Nearly50omg · 18/04/2026 16:20

She’s not your friend she’s a person who
either married your sibling or yoi
Married her brother

That is true
I regret being so honest and vulnerable with her
Our DHs are brothers

OP posts:
GetOffTheCounter · 19/04/2026 06:56

DaringMember · 19/04/2026 06:50

Yes its possible my brain has gone that way
I hate myself so her criticisms hit hard.
Is the relationship fixable?

Don't focus on if it's fixable. That is not the critically important thing right now. Right now you need to get well. When you are well, then you can look to other things, But even trying to 'fix' it now still puts the focus on her and your grievances with her.

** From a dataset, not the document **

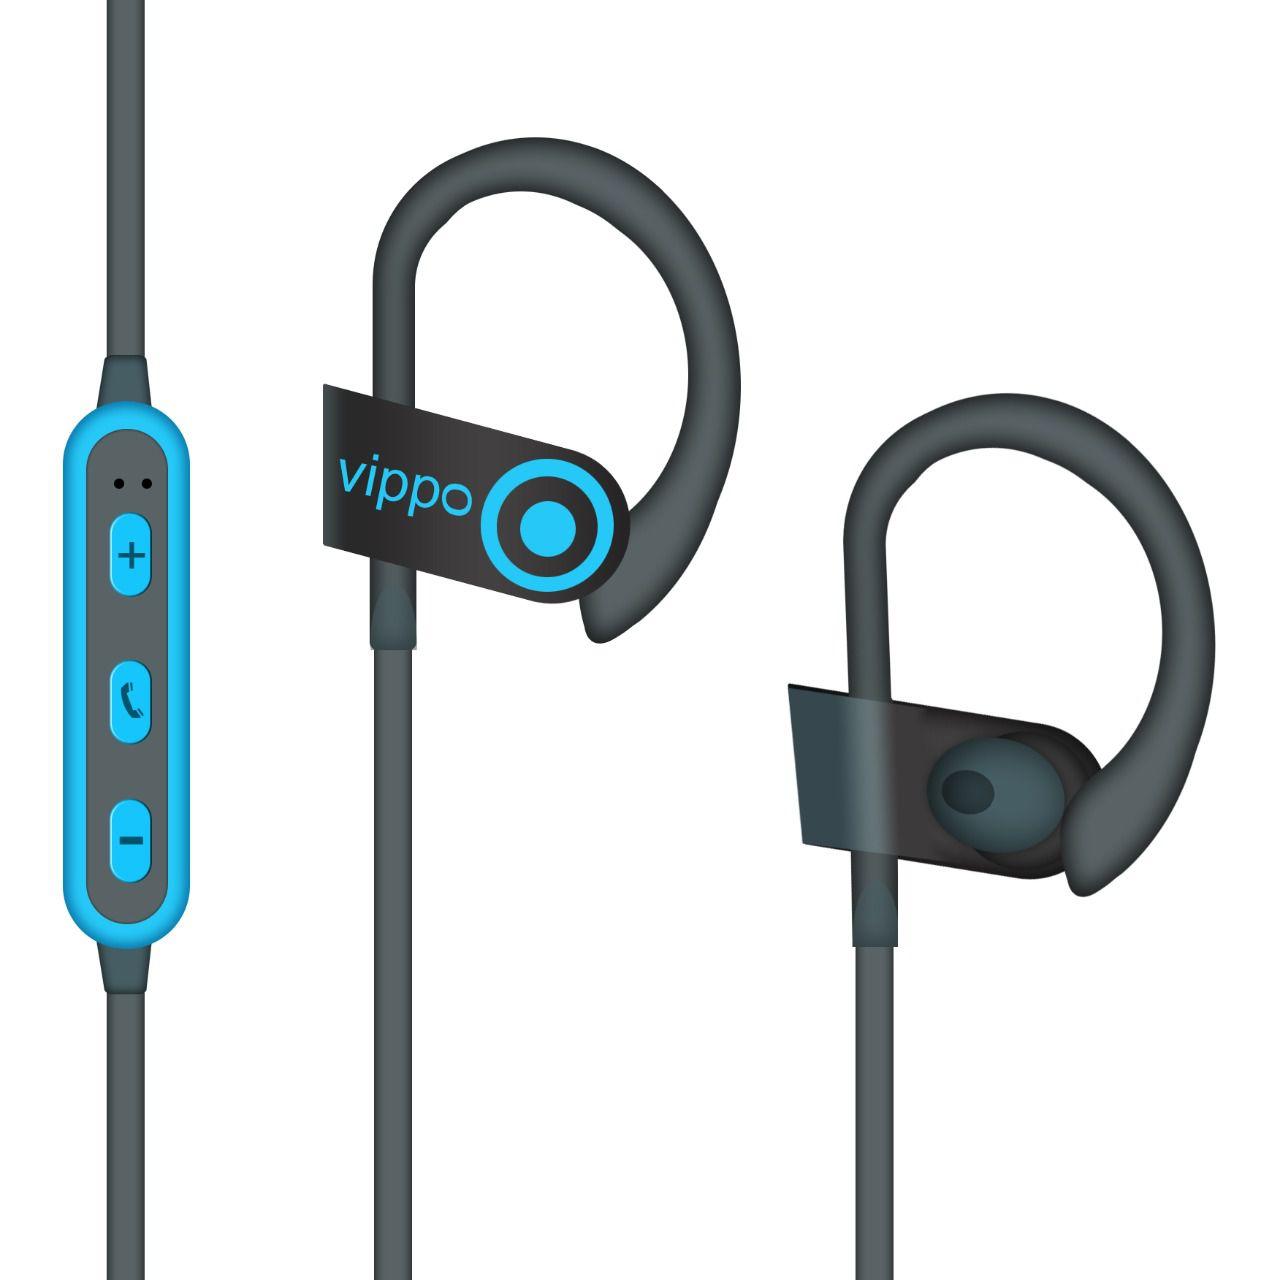 Hitage Vippo Qc 10 Mobicafe QC1086mc Wireless Bluetooth Headphone Blue
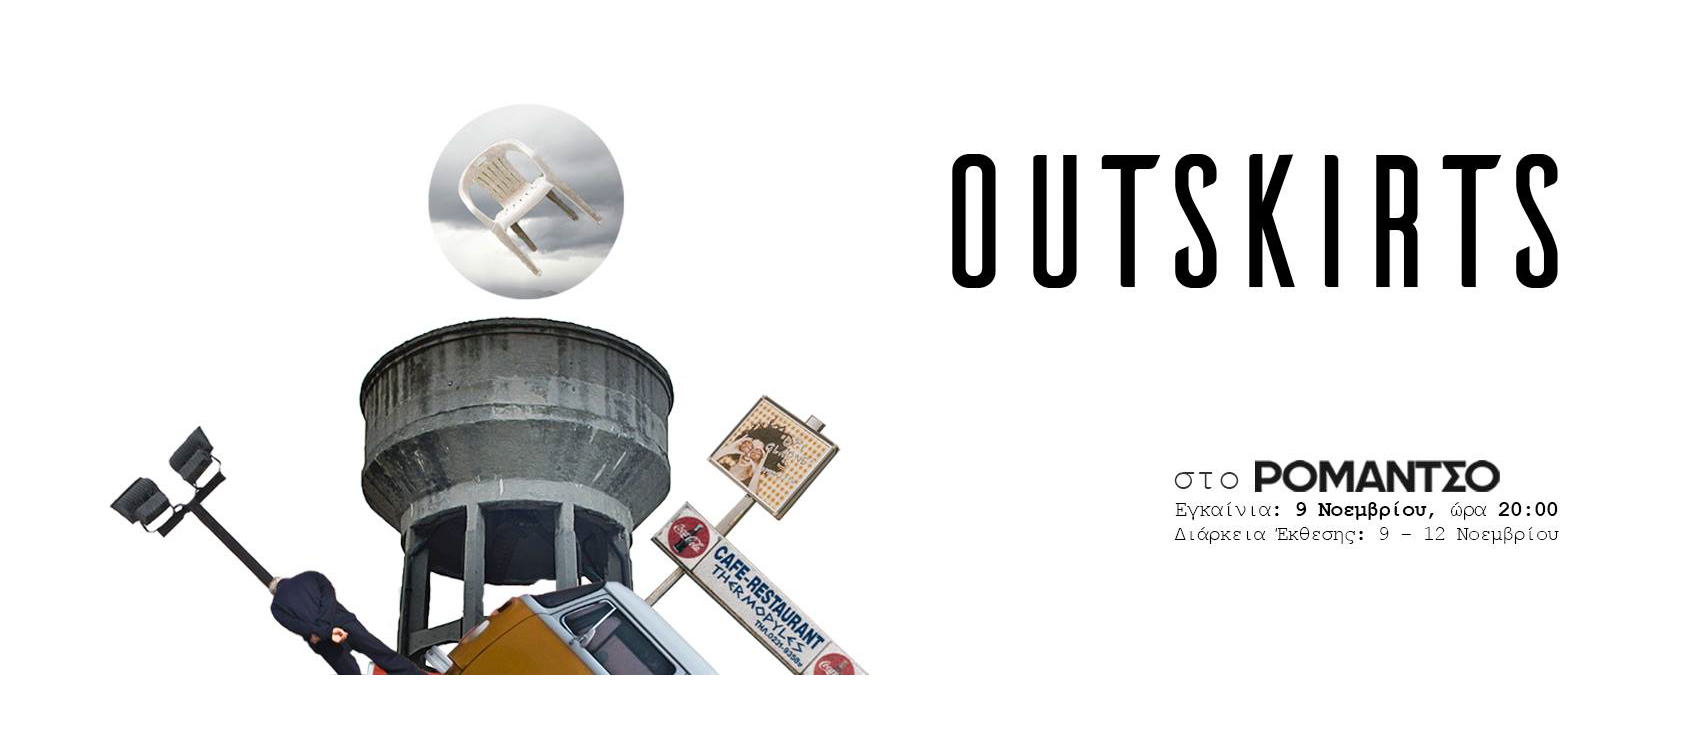 """Outskirts"": Τα όρια της πόλης σε μια ομαδική έκθεση φωτογραφίας | ΡΟΜΑΝΤΣΟ"

Can you contact your MH team tomorrow first thing? (Or even today) Please please do. x

Where is your DH in all this? Does he understand how sick you are at the moment and is he supportive?

PoppinjayPolly · 19/04/2026 07:46

DaringMember · 19/04/2026 06:51

I just want to be treated with respect and not have my motherhood criticised as I am already so fragile.

Give her the same consideration re your criticism of her.-
agree with pp, you need to get support with your mental health at present.
you also seem to think your SIL has no agency in this, and when YOU decide the relationship can go ahead again, SIL will be on board?

Snoken · 19/04/2026 08:00

DaringMember · 19/04/2026 06:50

Yes its possible my brain has gone that way
I hate myself so her criticisms hit hard.
Is the relationship fixable?

It might be but you shouldn’t even think about that as a priority right now. Put SIL completely to the side for now. Focus on your mental health so that you can be the best parent to your child. Your DH can handle the relationship with his family in the meantime. Your confidence as a parent is so low right now that any little comment devastates you. You need to fix you before you fix external relationships.